Problem description: Each line of the material should be set down exactly. Pictures are not part of the copy.

Data block:

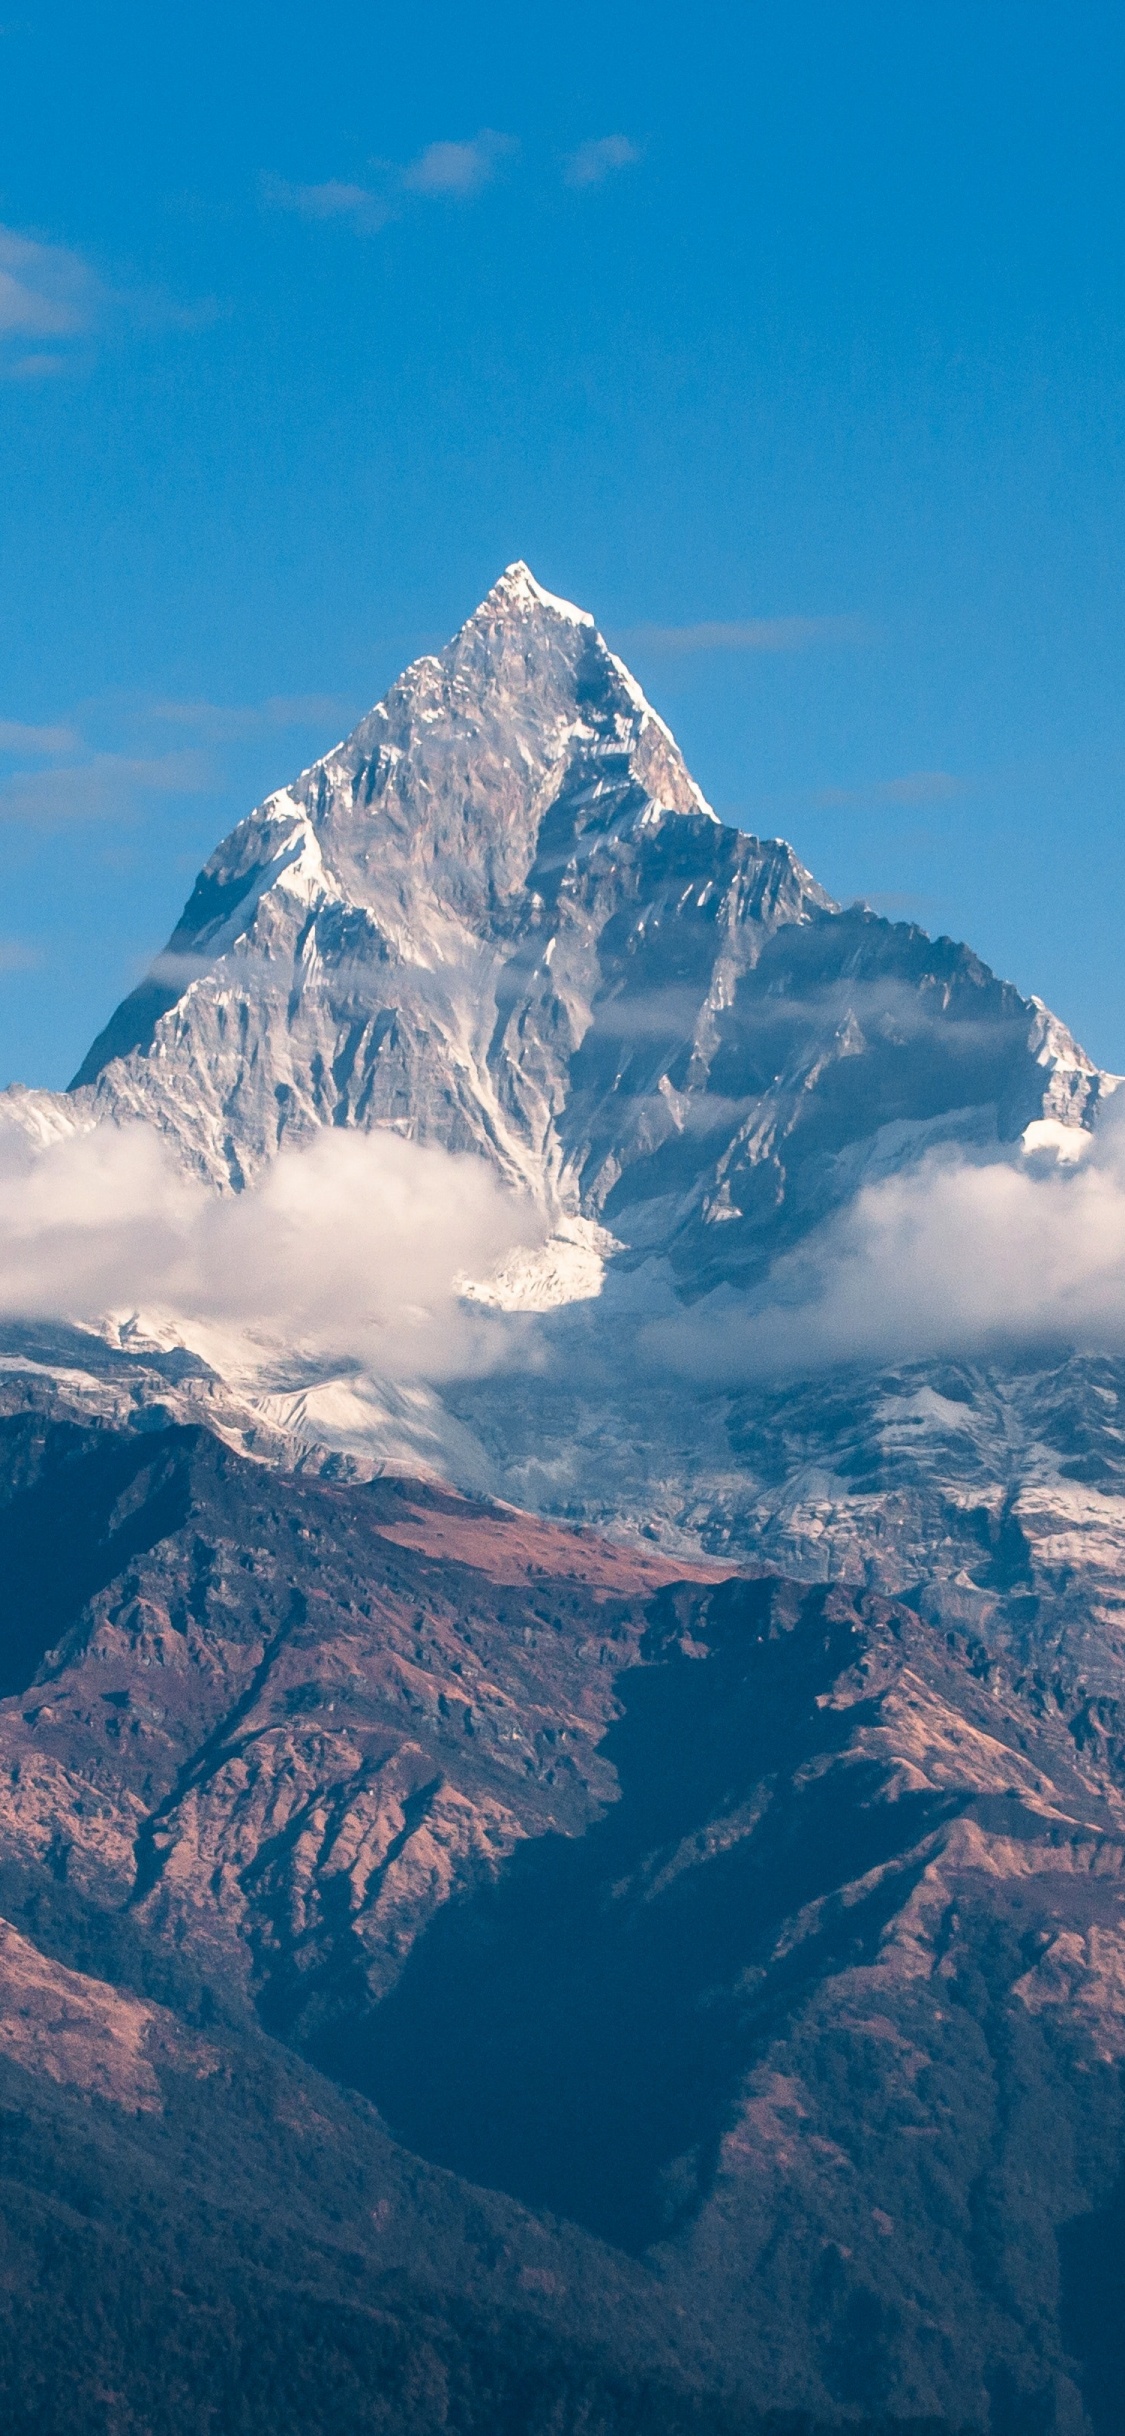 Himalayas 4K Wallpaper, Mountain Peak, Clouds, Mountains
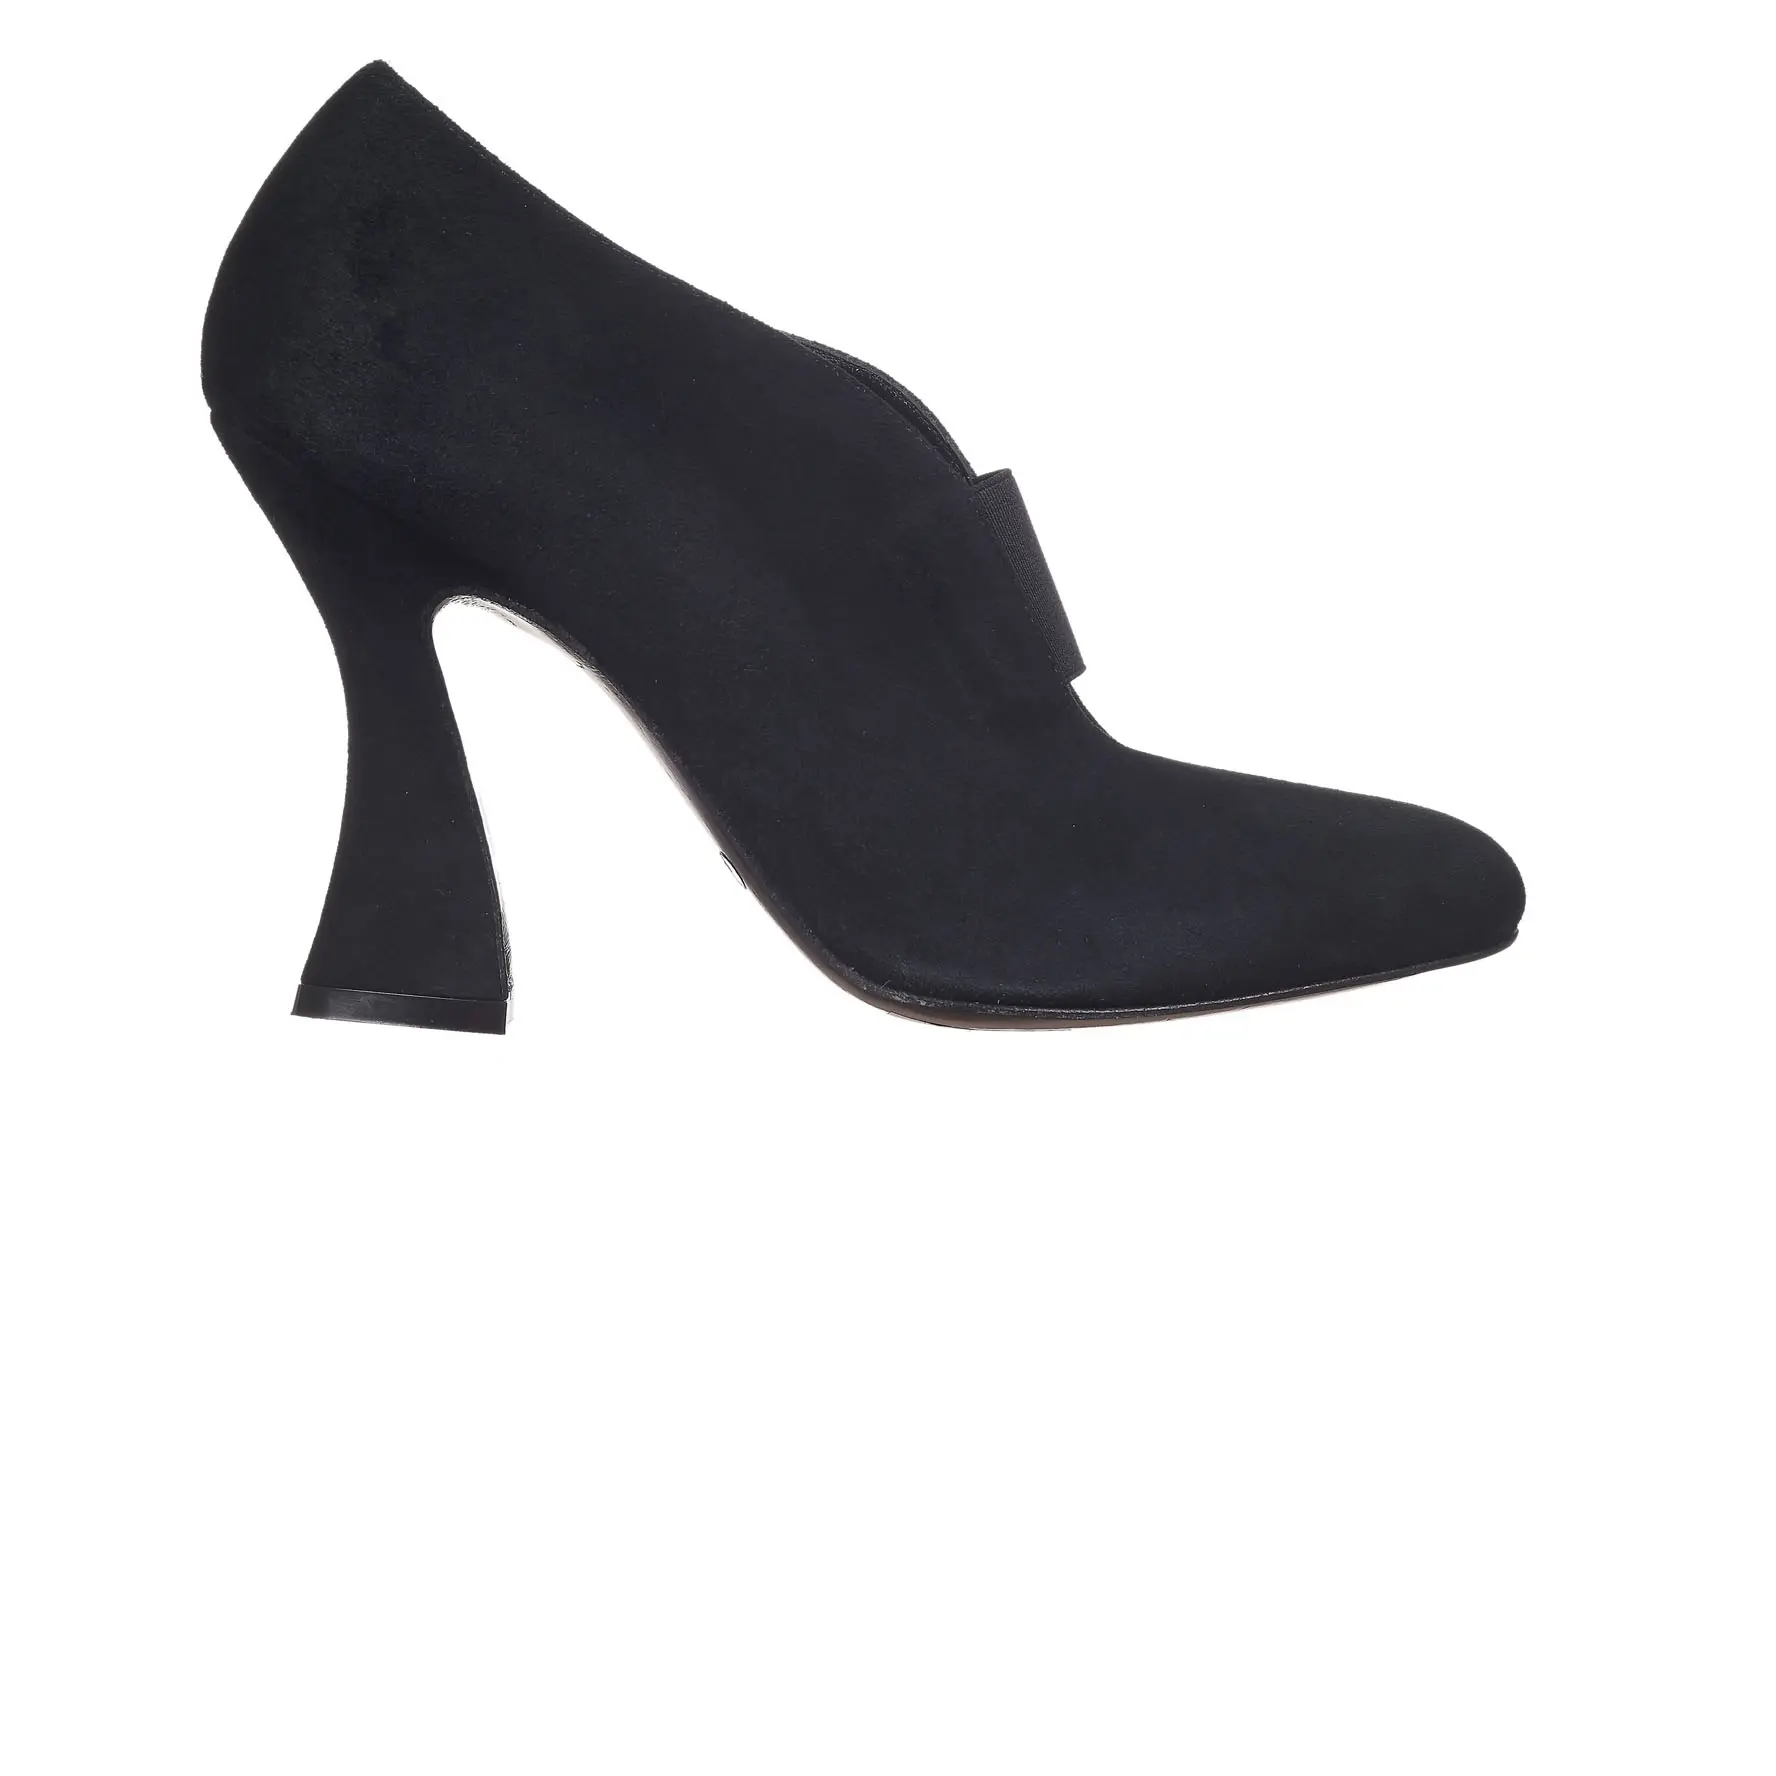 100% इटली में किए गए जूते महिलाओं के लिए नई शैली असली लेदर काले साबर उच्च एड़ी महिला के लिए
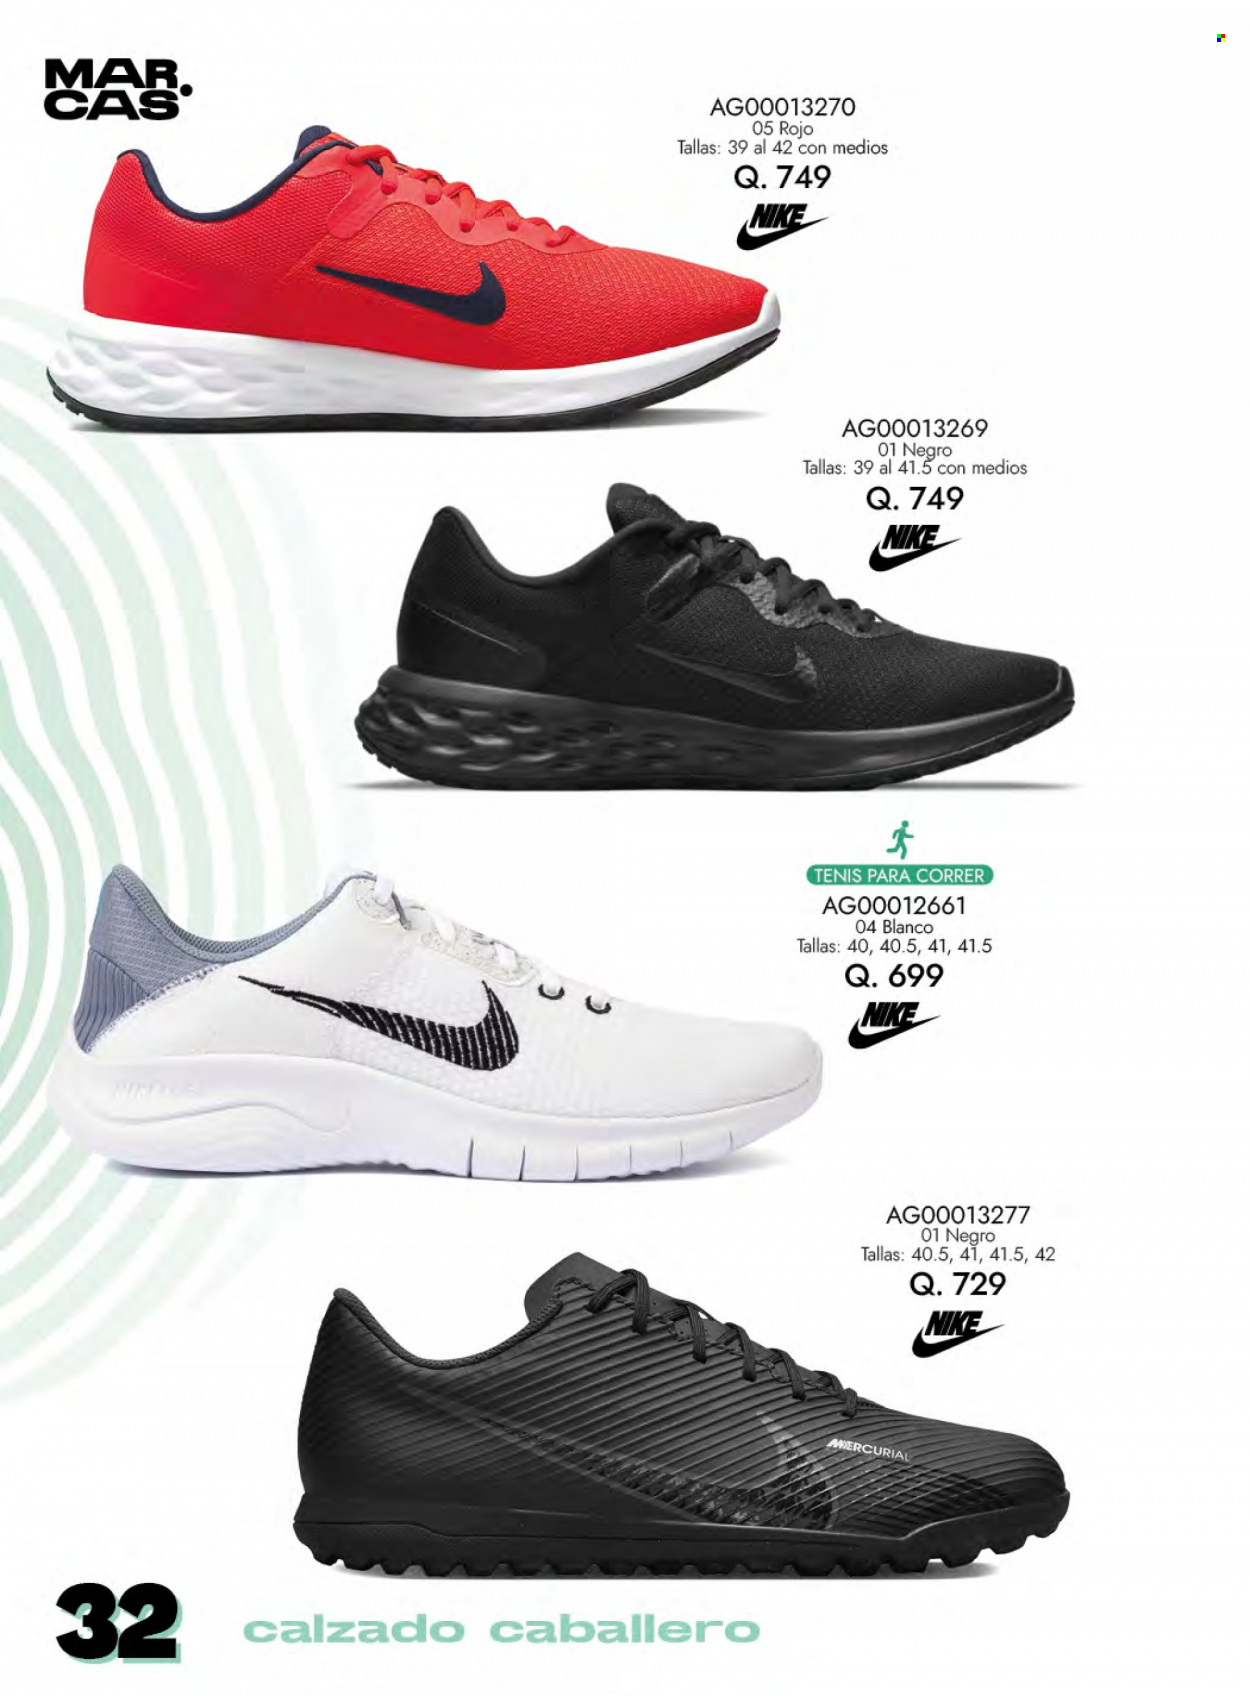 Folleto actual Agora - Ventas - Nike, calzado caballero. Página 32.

Solved exercise:
 Himalayas 4K Wallpaper, Mountain Peak, Clouds, Mountains
 100% इटली में किए गए जूते महिलाओं के लिए नई शैली असली लेदर काले साबर उच्च एड़ी महिला के लिए
 Folleto actual Agora - Ventas - Nike, calzado caballero. Página 32.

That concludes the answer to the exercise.